Early Missionary Work
The founding of Fort Portal Diocese was a fruit of the missionary work of the Missionaries of Africa, known as White Fathers, and of the missionary activity of Fr. Augustine Achte (Pere Akiti as he is commonly known in Tooro) who introduced the Catholic faith in Tooro and Bunyoro region.
Fr. Achte, who had first worked in Buddu- Buganda, entered Tooro through Bunyoro and set his first missionary station in Western Uganda at Bukuumi (in Bunyoro) before travelling to Tooro. He arrived at Virika on 17th November, 1895 and there founded a missionary station. This was a year after the Church Missionary Society (CMS) missionaries had arrived in Tooro and established a protestant mission at Kabarole Hill.
One month after his arrival at Virika, Fr. Achte was joined by Fr. Toulze. By the time Fr. Achte and Fr. Toulze came to Tooro, King Kasagama, together with the most influential persons and chiefs of the kingdom had embraced the protestant religion. The Catholic missionaries, therefore, targeted the lower class and less influential folks of Tooro.
Although King Kasagama had first welcomed the Catholic missionaries in Tooro, after his Baptism into the Church of England on 15th March, 1896 in Kampala and his return to Tooro that same year, the king became rather unfriendly to the Catholic Church. This was demonstrated by the harassment of Catholics in Tooro, and it became a setback for the mission.
Fr. Achte took recourse to Mr. Sitwell the Colonial District Commissioner of Tooro and complained of harassment by the kingdom authority. Then the situation improved. Later King Kasagama realized that the Catholic Missionaries and their religion were here to stay, and were a force to reckon with. He adopted a much friendly attitude towards the Catholic missionaries and religion.

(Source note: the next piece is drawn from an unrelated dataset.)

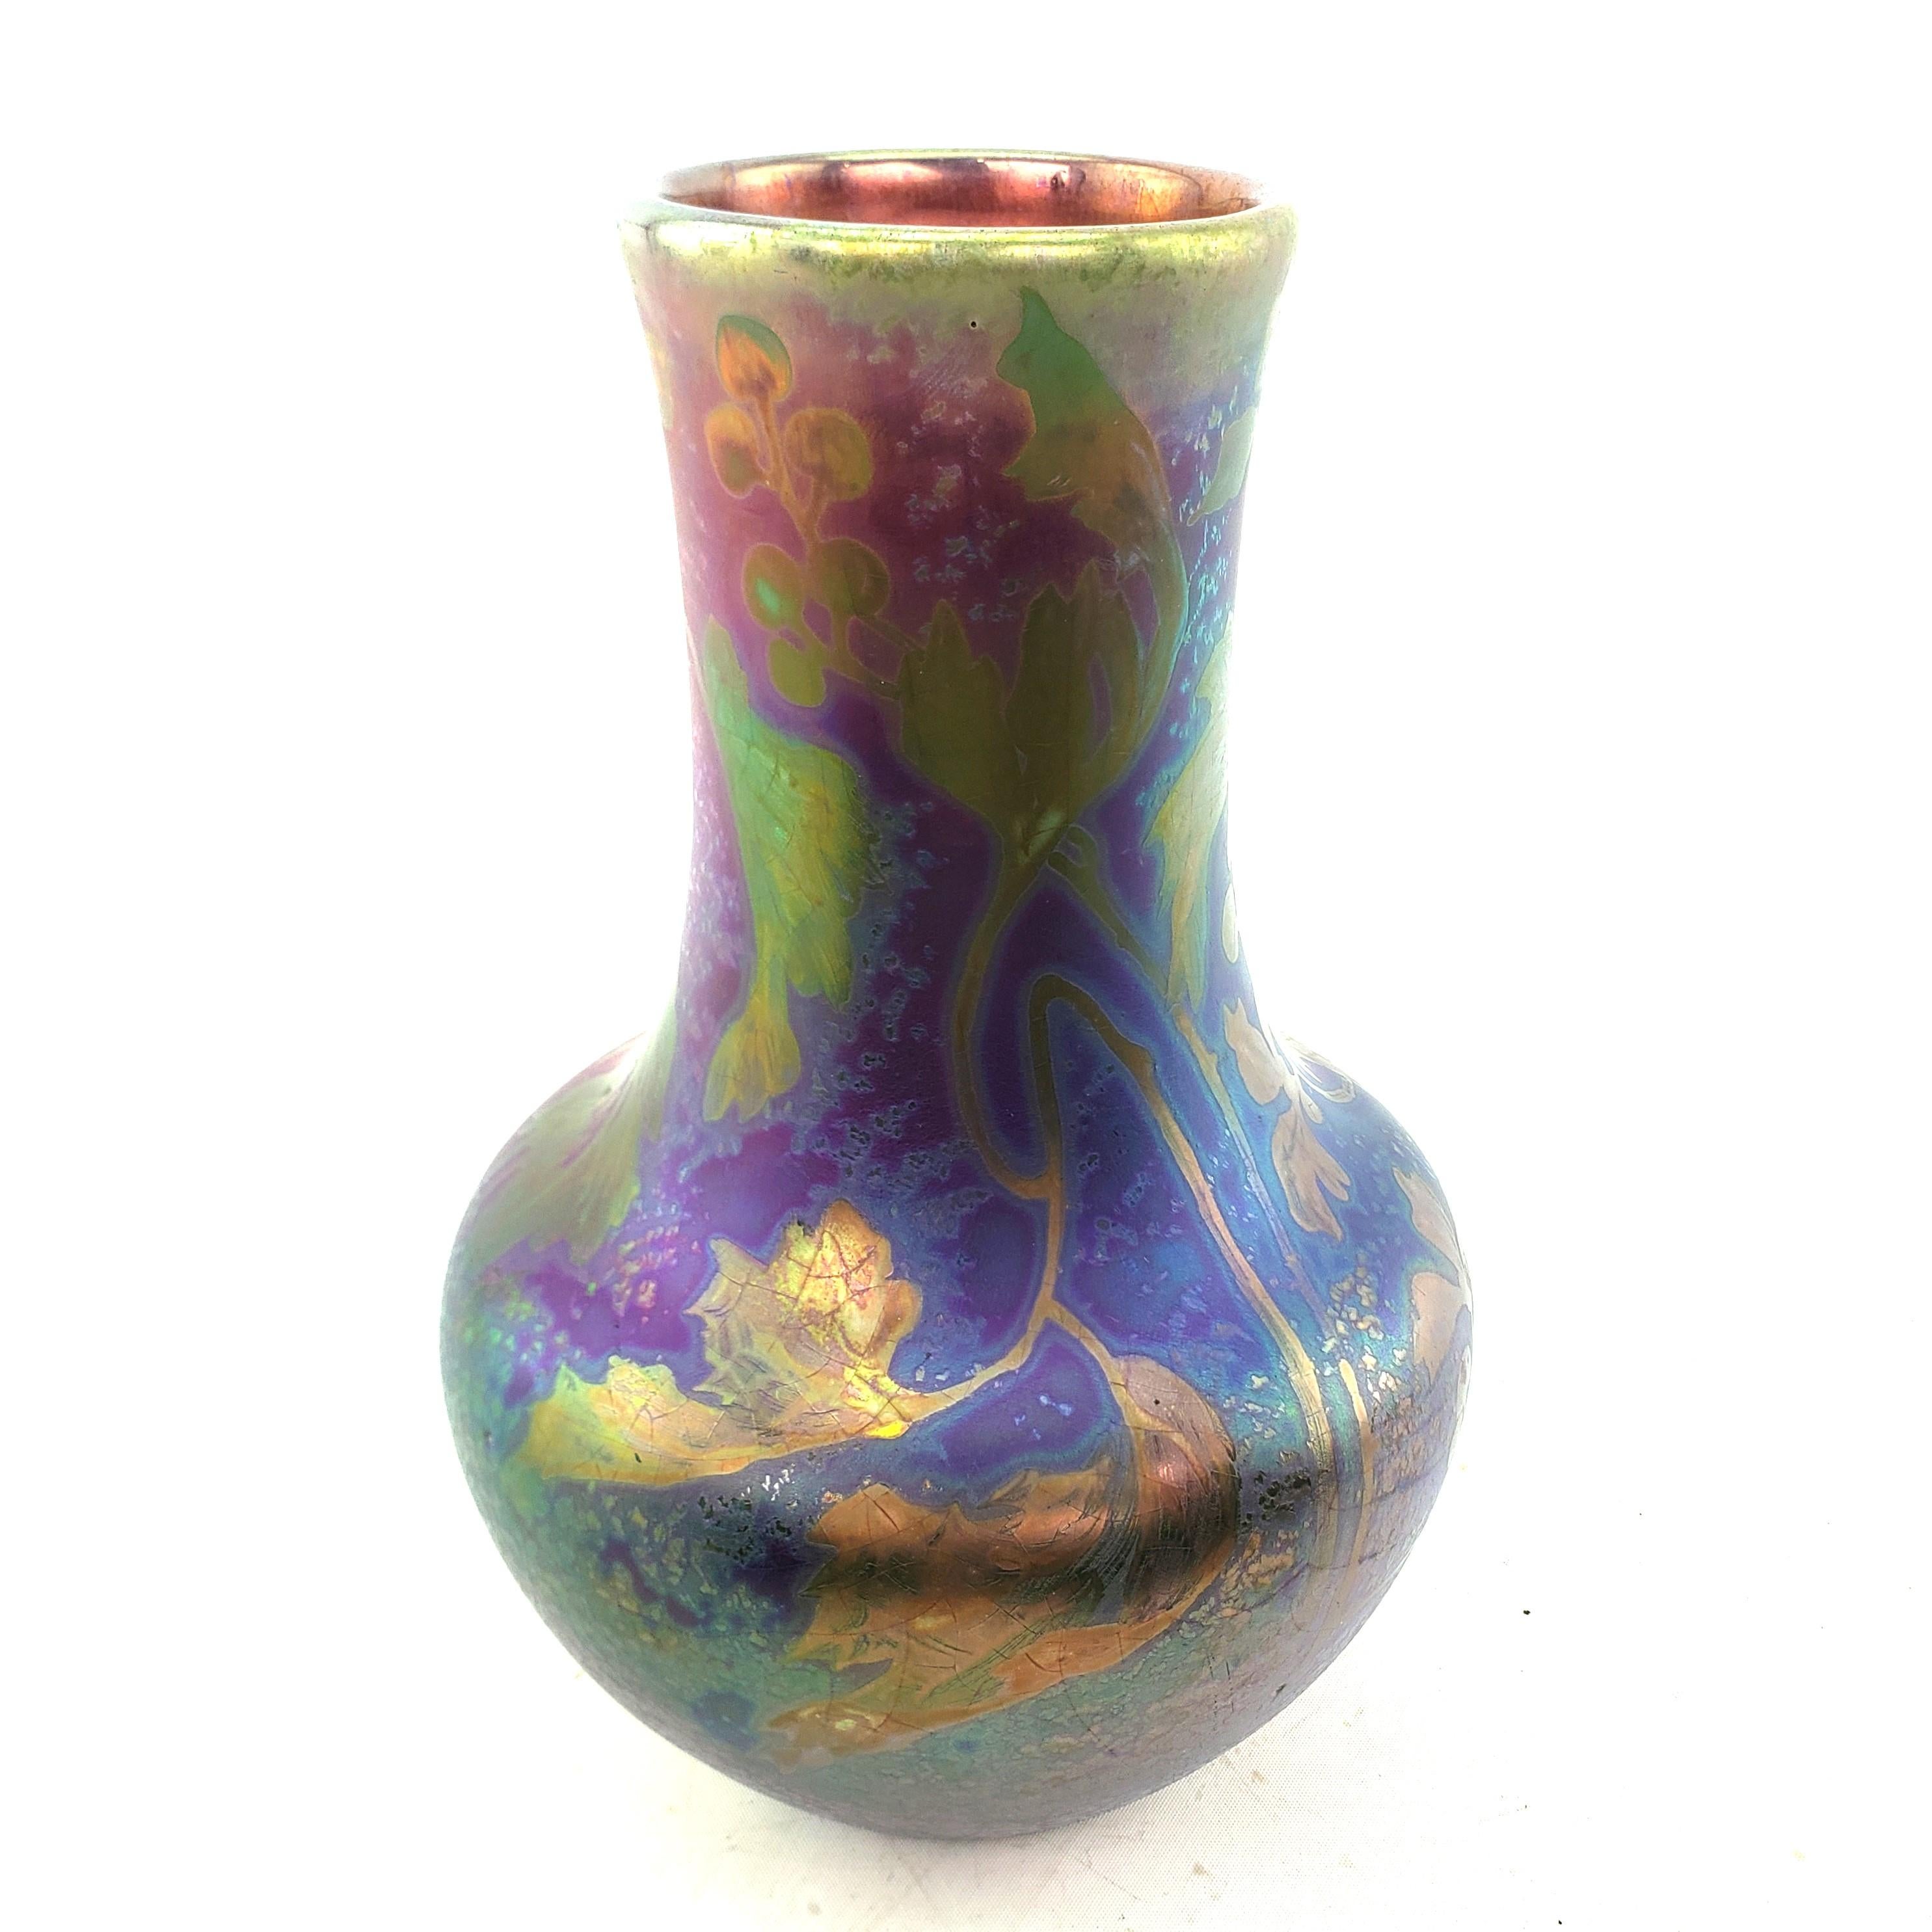 Diese Vase wurde von der berühmten Weller Pottery Fabrik in den Vereinigten Staaten um 1910 im Jugendstil hergestellt. Die Vase ist mit einem stark irisierenden Kobaltblau, Grün und Violett mit stilisiertem Blumendekor und einer glänzenden

He went to the extent of allowing the Queen Mother, Victoria Kahinju, to give a big chunk of her land at Kijanju (Virika)
The king also gave two of his children (Prince Rwakatale and Princess Nkwenge) to be baptized in the Catholic faith; he as well allowed some of his relatives to become Catholics.
Whereas the king had been so generous and friendly to the Catholic missionaries the situation was not that easy elsewhere in the kingdom.
It was quite hard to find land for establishing other Catholic Church missions until the colonial administration took away power from the local chiefs. It was then that the Catholic Church could acquire land and register it with the colonial Government, establish new churches and spread without hindrance.